屋敷の広い浴場で、ユーフォリアは頭から湯を被り身体を擦る。詰所の簡素な浴場はどうにも落ち着かず、街の外へと魔獣討伐に出た時などは数日身を清められないこともザラだったので、この慣れ親しんだ湯殿を使うために定期的に帰還したいものだと彼女は思った。
浴場から上がり、新しく用意されたドレスに身体を通していると、扉の向こうに気配が立つ。
「お嬢様、お召し替えをお手伝いさせて頂いても宜しいでしょうか」
「うん、シキも湯船入ってくる? 今日のお湯、良い匂いだったよ」
ユーフォリアの問いに、扉の隙間から苦笑した顔を覗かせながら、とんでもないことだとシキは答えた。
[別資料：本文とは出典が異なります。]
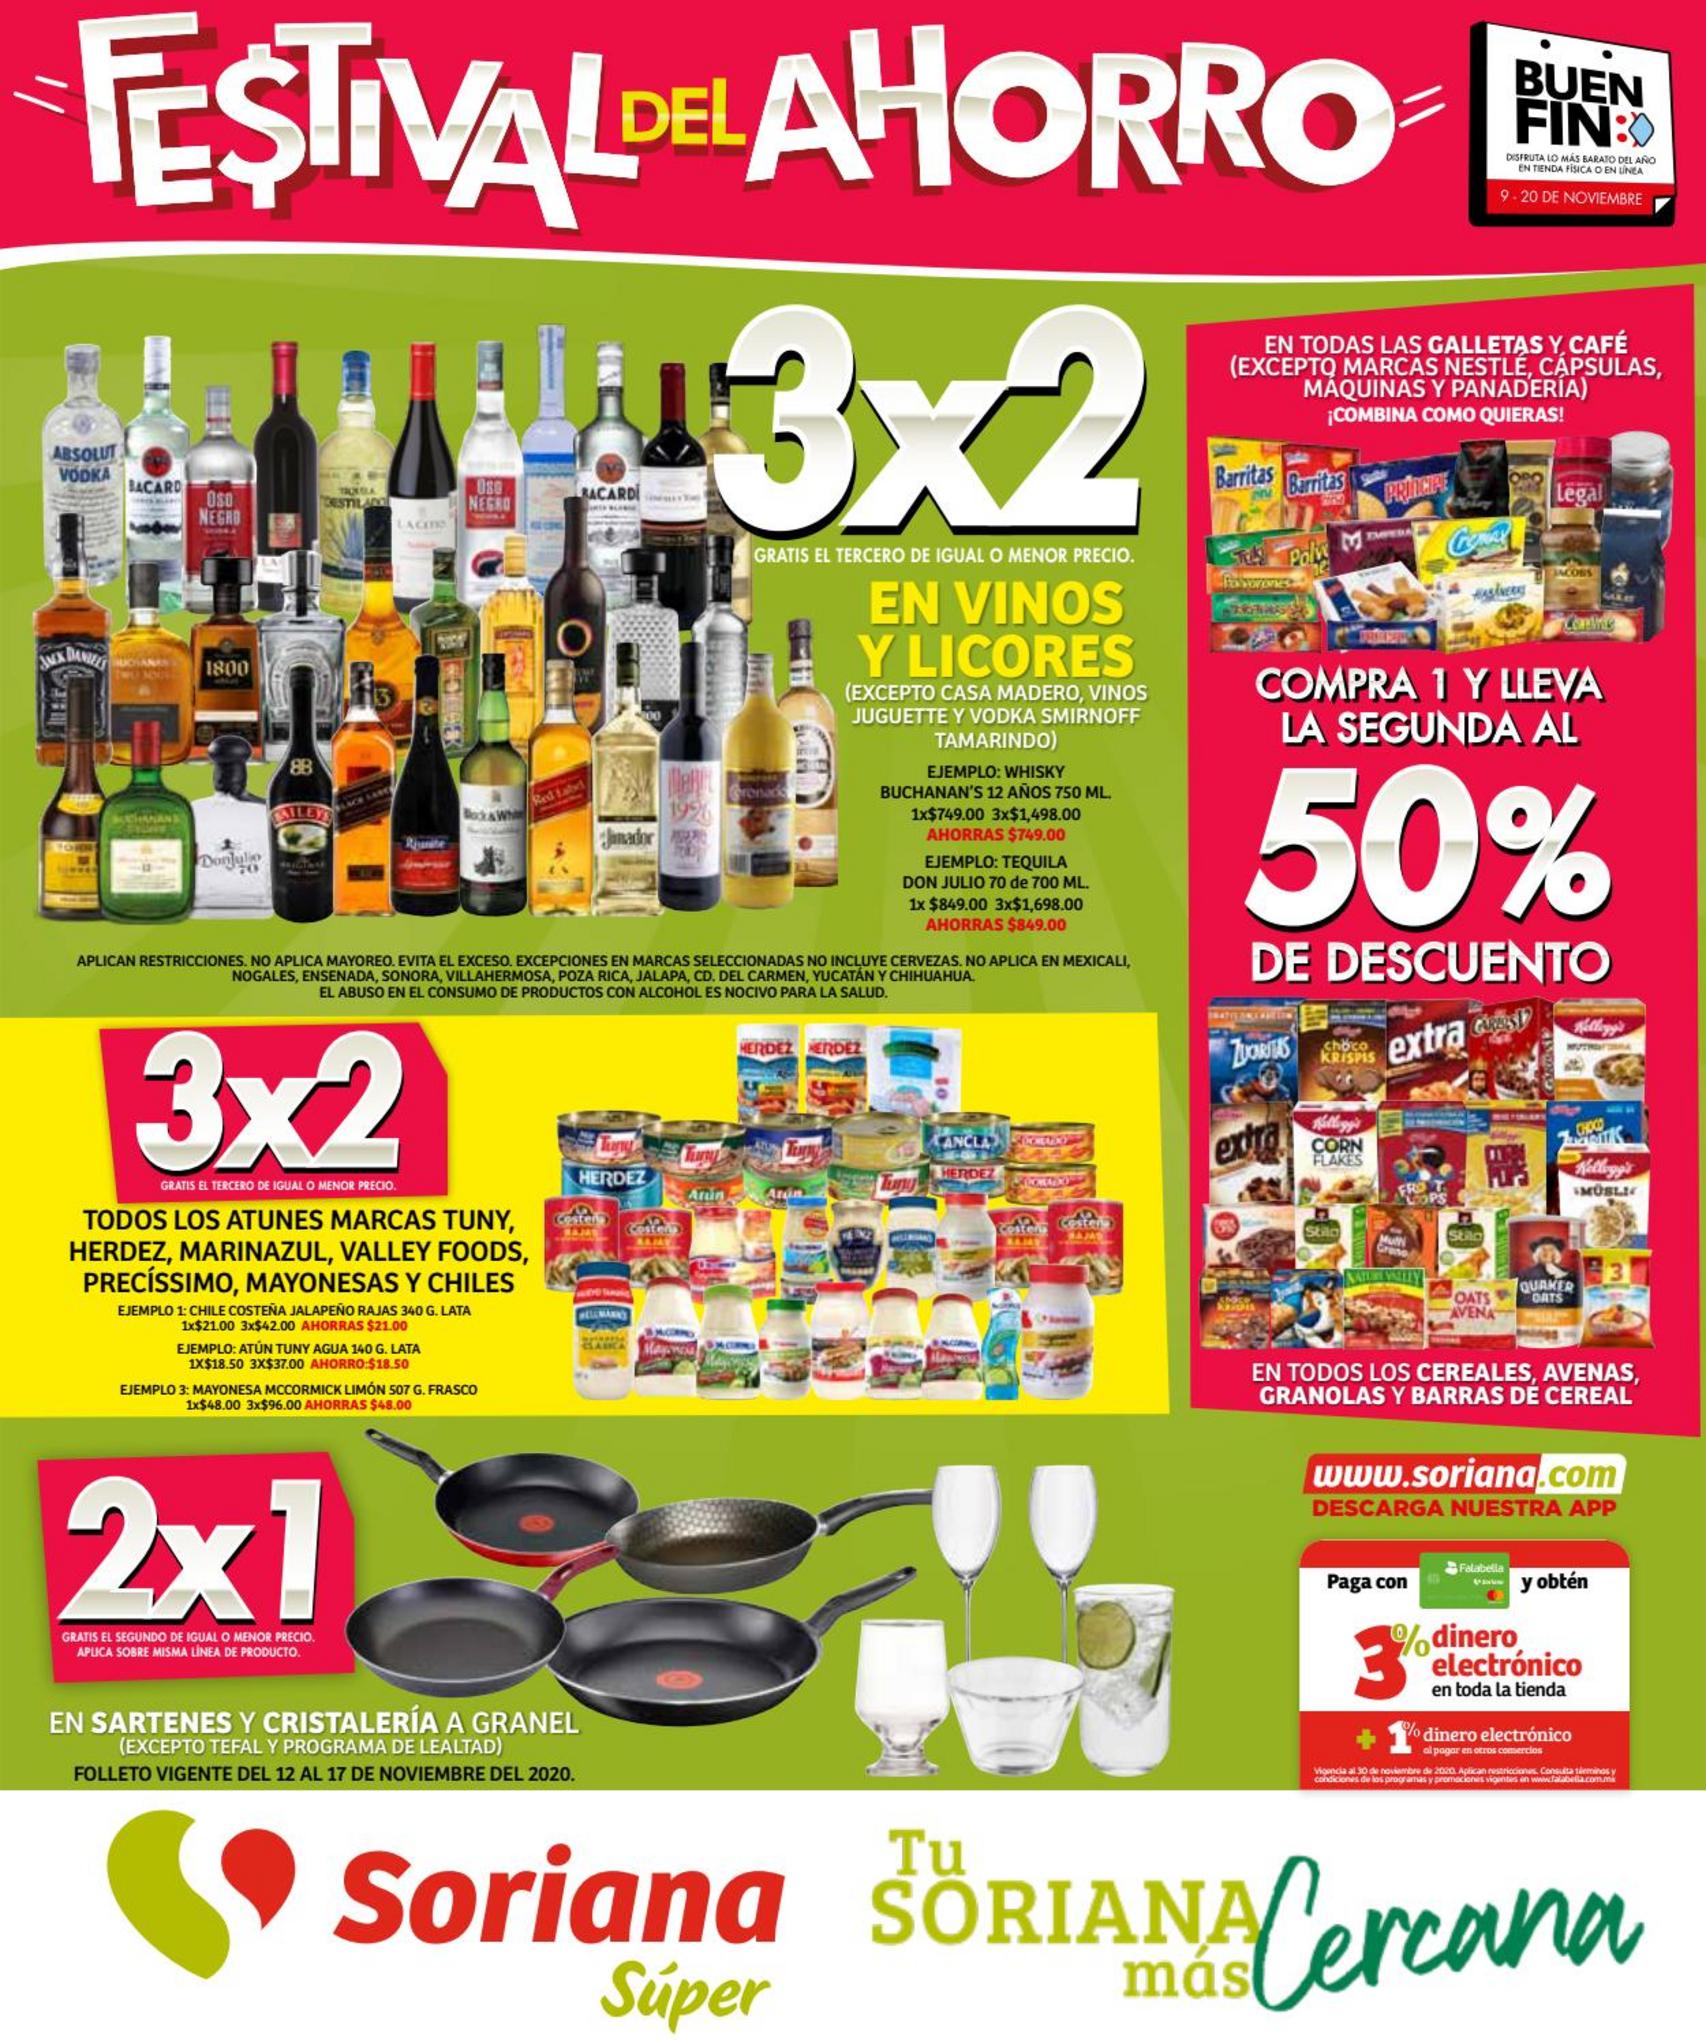 Folleto de ofertas Soriana Súper Buen Fin 2020 del 12 al 17 de noviembre

シキの手がユーフォリアの身に上質な布を纏わせていく。小柄な彼女は、今ではすっかりユーフォリアよりも頭一つ小さい。
「大きなお怪我の痕跡は無いようですね。隊士に嫌な者はおりませんでしたか? 素性を勘ぐる不埒な輩は? 詰所の寝所ではちゃんとお眠りになられておりますか?」
矢継ぎ早に質問を繰り返すシキに、一つ一つ答えながら、ユーフォリアは城での生活を思い出していた。アルベルトによって彼女が配された小隊を率いるレオネルという男は、同じ貴族であっても彼とは気質が異なり、少しだけ言動が雑で、そしてアルベルトのことを崇拝しているようであった。そこでふと、レオネルと初めて顔を合わせた時、部屋を出た後で彼が漏らしていた独り言を思い出す。
「ねえシキ、アルベルトって『容姿端麗』なの?」
「お嬢様、私はお嬢様のためではございますが、旦那様の家に仕えている身でございます。主人の容姿にはっきりと言及するのは、使用人として望ましからぬことかと……ところで、どちらの御仁がそのようなことを?」
シキの問いに、ユーフォリアは自分が挨拶に行った時のレオネルの反応と、騎士団に女の隊士が殆どいないのだということを述べた。シキが合点したように頷く。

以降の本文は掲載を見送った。